If you like taking loads so much and are legitimately concerned about contracting HIV, so concerned that you would put the blame on someone else for your own behavior, go on PrEP. It's not perfect, but Jesus Christ, it's better than demonizing others for your preferences. Your body is your responsibility.
Speaking of medication, there's only a passing mention of Johnson's regimen by that same anonymous source, who doesn't exactly seem so with-it. "He infected someone with HIV. Without medication, that person could get AIDS, so he's slowly killing someone. It's a form of murder, in a sense," he says. It is unclear as to whether Johnson declined to answer questions about meds, or if Thrasher didn't ask (an email request to Thrasher to clarify this point has not yet been returned). Legally, this point would likely make little difference, although it should, since a recent study showed no instances of HIV transmission between partners in serodiscordant couples where the HIV positive person had an undetectable viral load due to antiretroviral medication. Zero.
The implications are that, in fact, having sex with an HIV positive and undetectable person is not a form of murder, in a sense, but in fact safer sex. (Also, the idea that HIV is a death sentence is an antiquated notion for those who have access to antiretrovirals. It's no walk in the park, but it's not 1985 anymore, either.) It's far riskier to have sex with someone who thinks he or she is negative but is in fact positive and untreated—the higher the viral load the more contagious a person is.
While prosecutors defend the HIV laws as appropriate for certain cases, some activists argue that criminalization of exposure to HIV can backfire and actually fuel the spread of the disease.
They note that under most of the state laws, people who don't know they have HIV are less culpable than those who do know. This fact could deter some people from learning their HIV status, and thus preclude some HIV-positive people from getting treatment.
A better approach, the advocates say, is to encourage responsibility and disclosure without the underlying threat of arrest and prosecution.
But if you must make assumptions, just assume that everybody has HIV or is lying, and act accordingly.

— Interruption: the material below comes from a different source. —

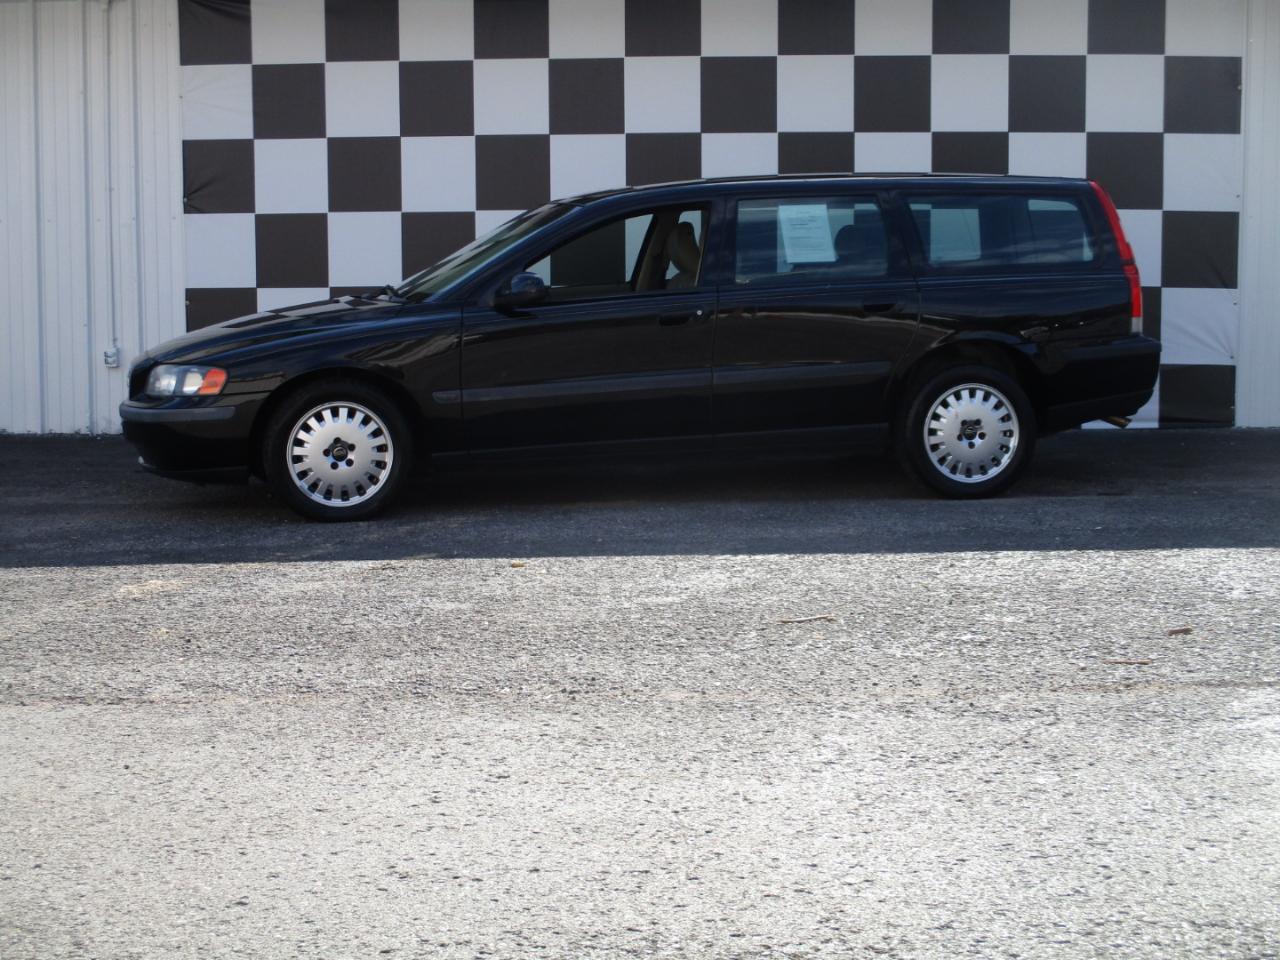 Volvo V70 2.4 M 5dr Wgn 2001
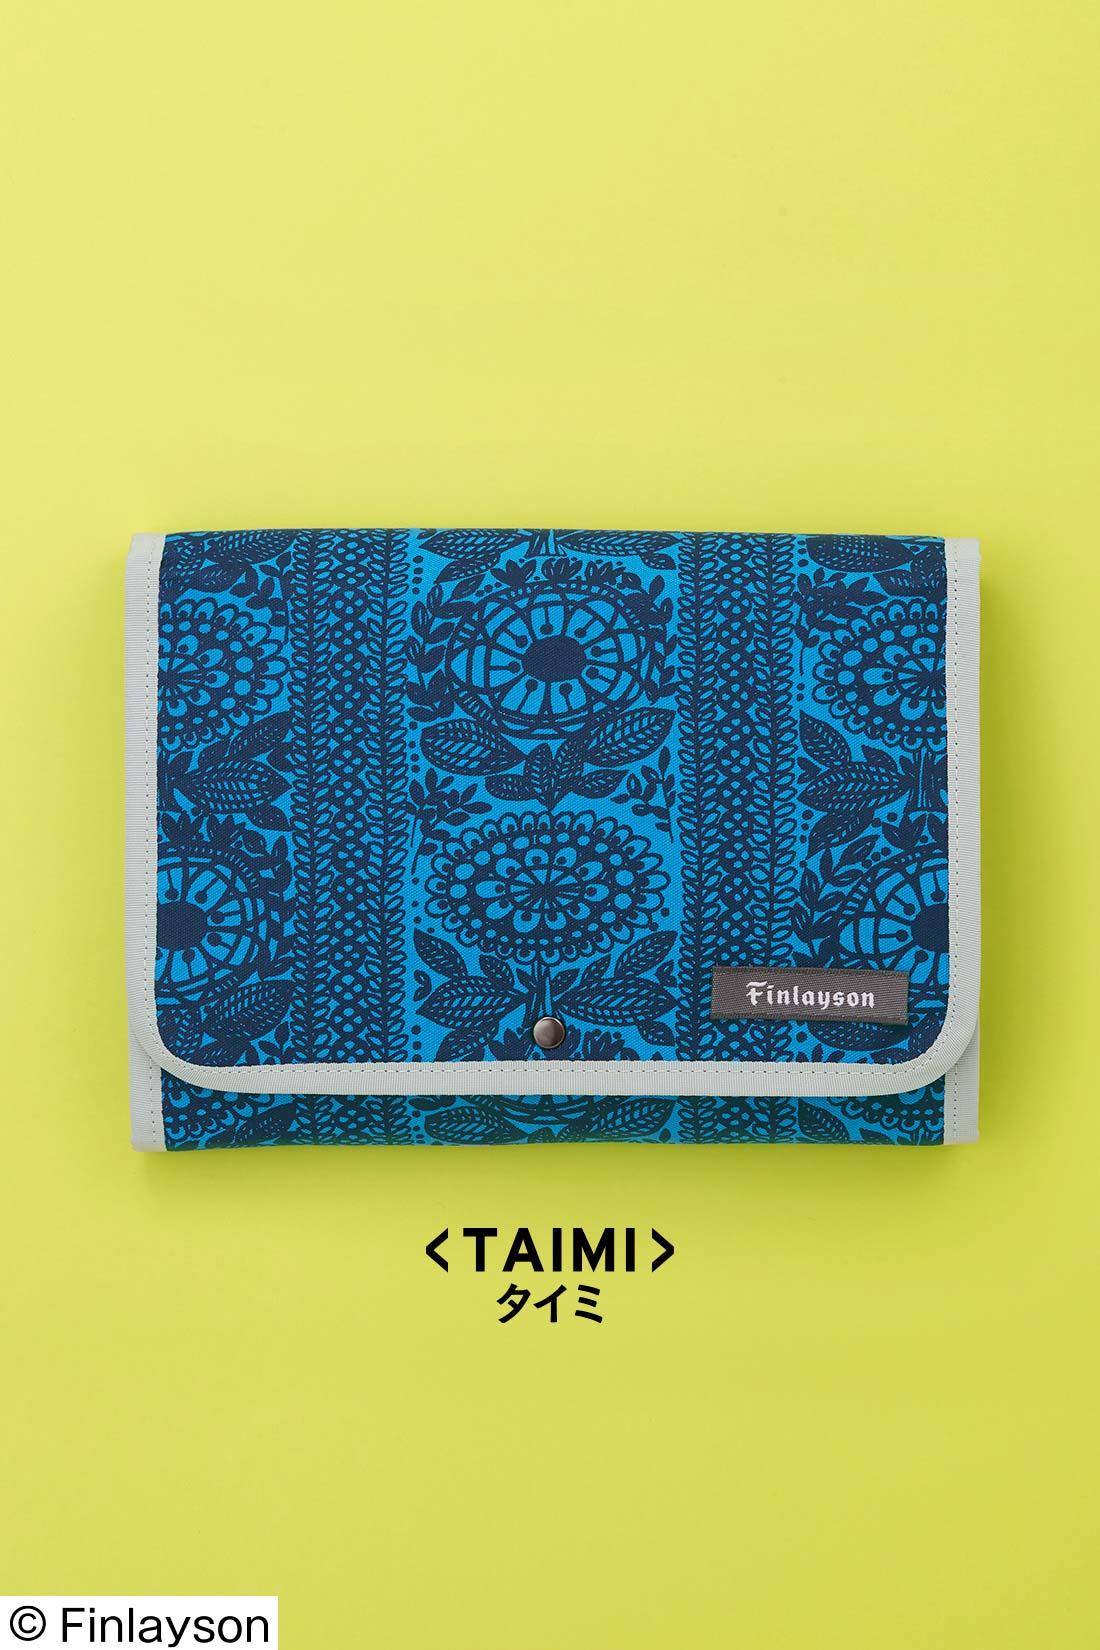 〈TAIMI〉タイミ 伝統的な花々、夕暮れに蒔く種、スラブの歌声。遠い記憶の中の情景。

*Note this paragraph originally did not have "alleged" in it, but as a very sharp reader and accomplished writer/editor Sean Strub pointed out to me in an email: "Just because the state of Missouri equates someone who knows they have HIV having sex with another person as 'knowingly exposing them to HIV' it doesn't mean that characterization should be accepted as face value." The rest of this piece reflects the ambiguity of the situation, but the lede may have been misleading.